Monday, October 22, 2012

Denton Declaration: Open Data Manifesto

With its prominent role in digital collections firmly established (the Digital Library is still in the top 50 of the Webometrics world ranking of repositories), and growing involvement in the Open Access movement (an early adopter of repository deposit requirement and sponsor of 3 OA symposia), the UNT Libraries is now clearly at the forefront of the Open Data movement.  During the most recent OA Symposium, the participants drafted a statement of goals, principles and intentions to press forward in making research data available and accessible to the research and library community, as well as the public.

This Denton Declaration "bridges the converging interests of these stakeholders and promotes collaboration, transparency, and accountability across organizational and disciplinary boundaries."  The Declarations advocate that "(o)pen access to research data is critical for advancing science, scholarship, and society," that "(p)ublicly funded research should be publicly available for public good," and that "(t)ransparency in research is essential to sustain the public trust."

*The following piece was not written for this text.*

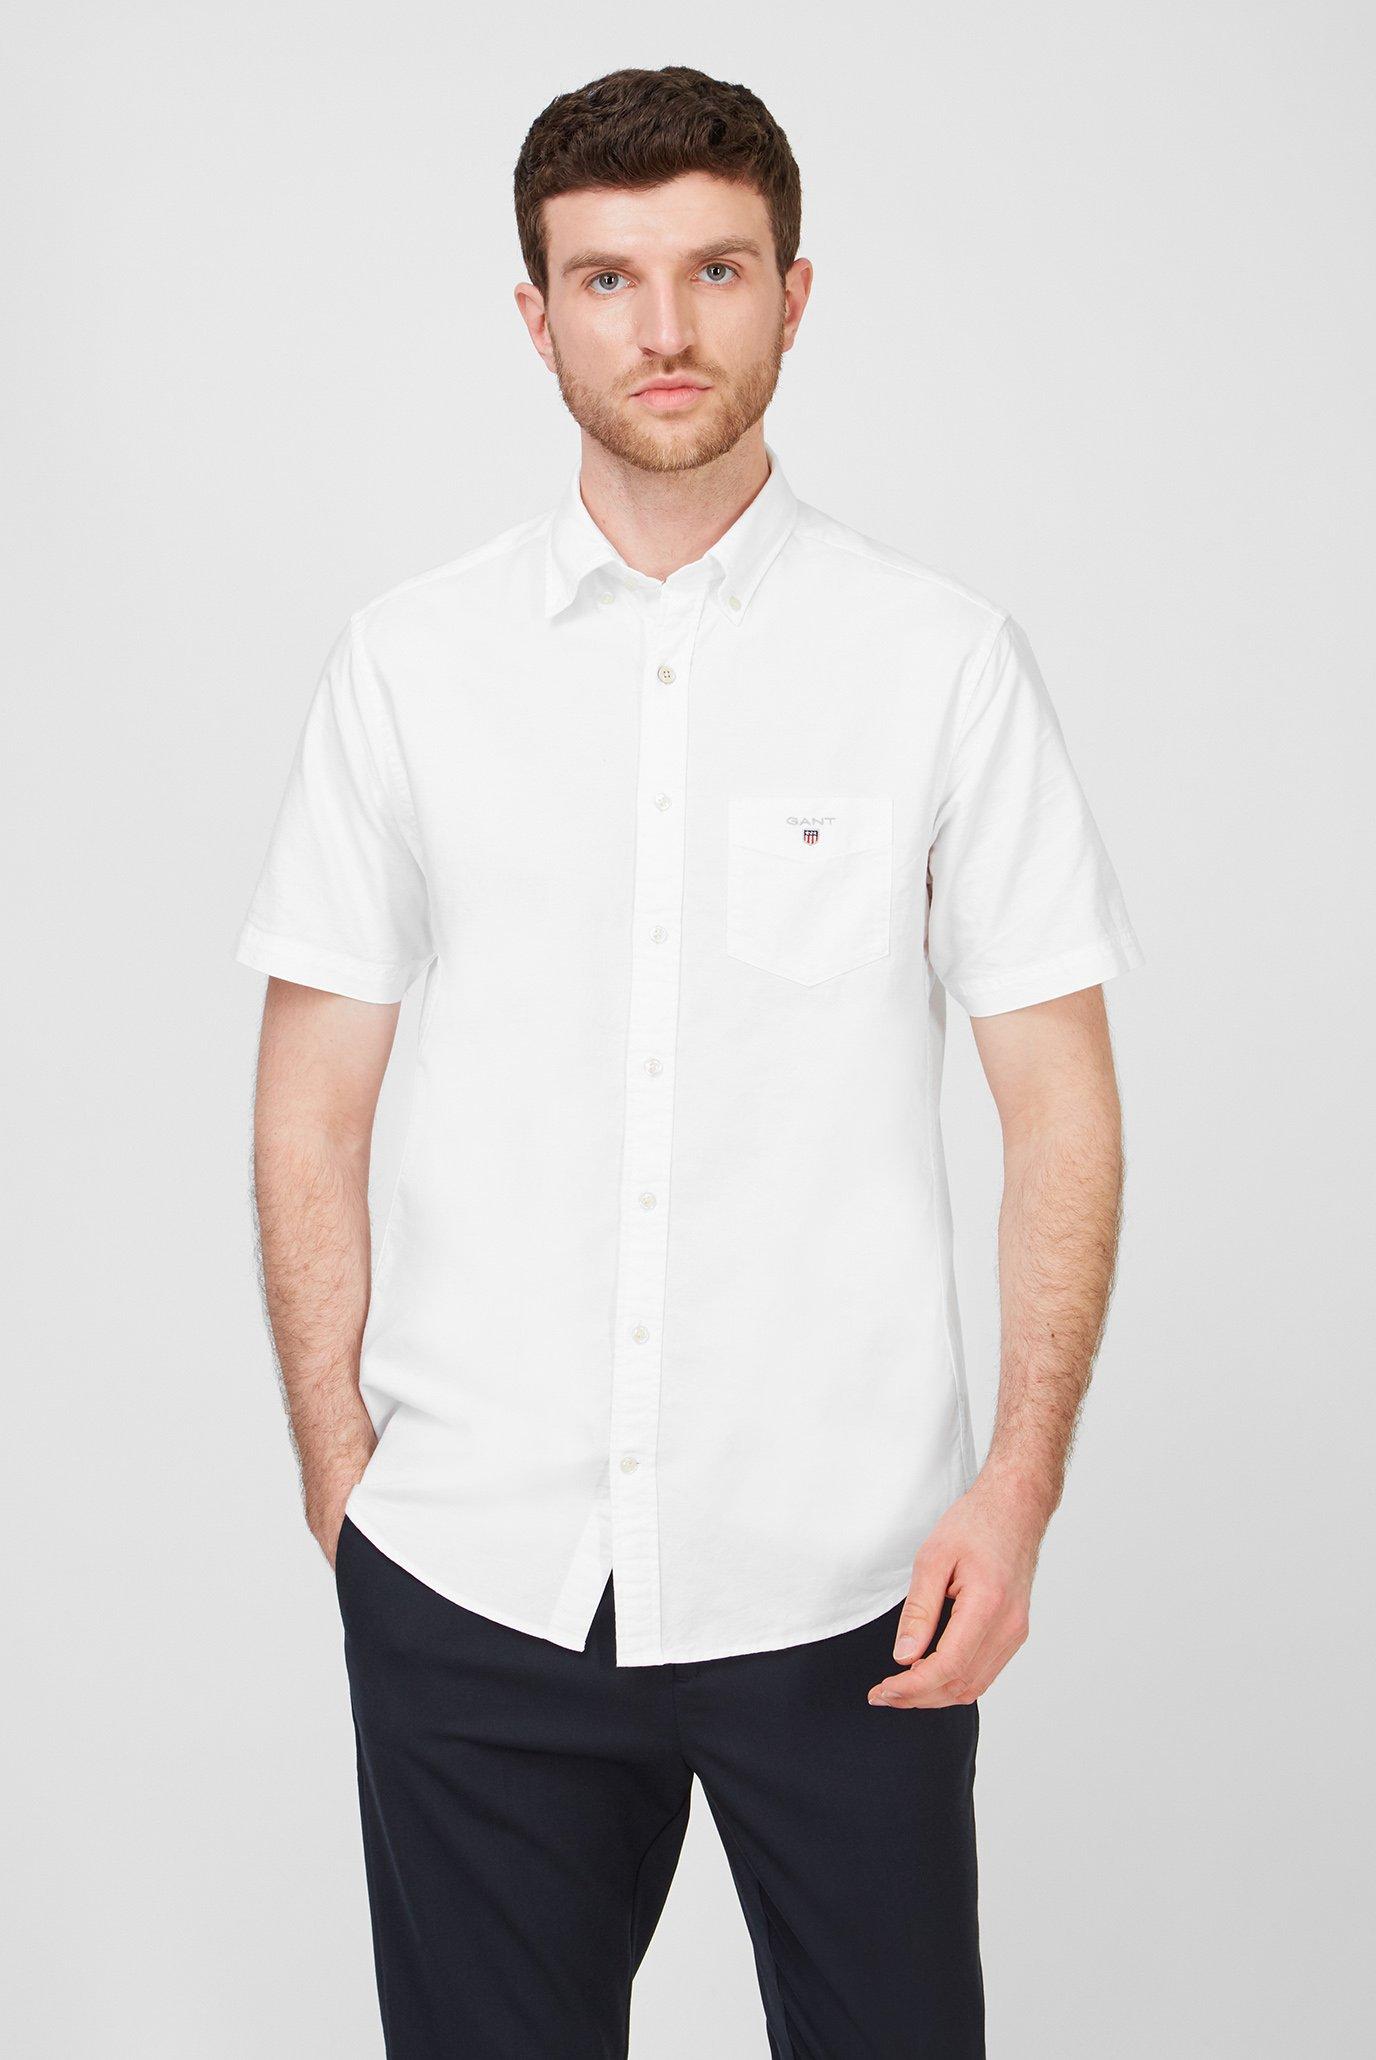 Мужская белая рубашка REG OXFORD 1

The Principles established in the Denton Declaration address the benefits of open access to data, as well as the general framework that would enable such access to thrive.  These include funding that supports "reliable long-term access", sufficient metadata to enable the finding and use of the data, the timely release of the data, and an infrastructure that supports long-term preservation.

Finally, the Intentions signal the issues of most importance to the signatories at this time, including developing a "culture of openness in research", building the infrastructure that is extensible and sustainable for archiving and making the data discoverable, developing metadata standards, and recognizing and supporting the intellectual property rights of the researchers.

This document is meant to provide the solid starting-point of the development of Open Access Data standards and technology that, say, the Budapest Open Access Initiative and the Berlin Declaration did for open access to journal articles.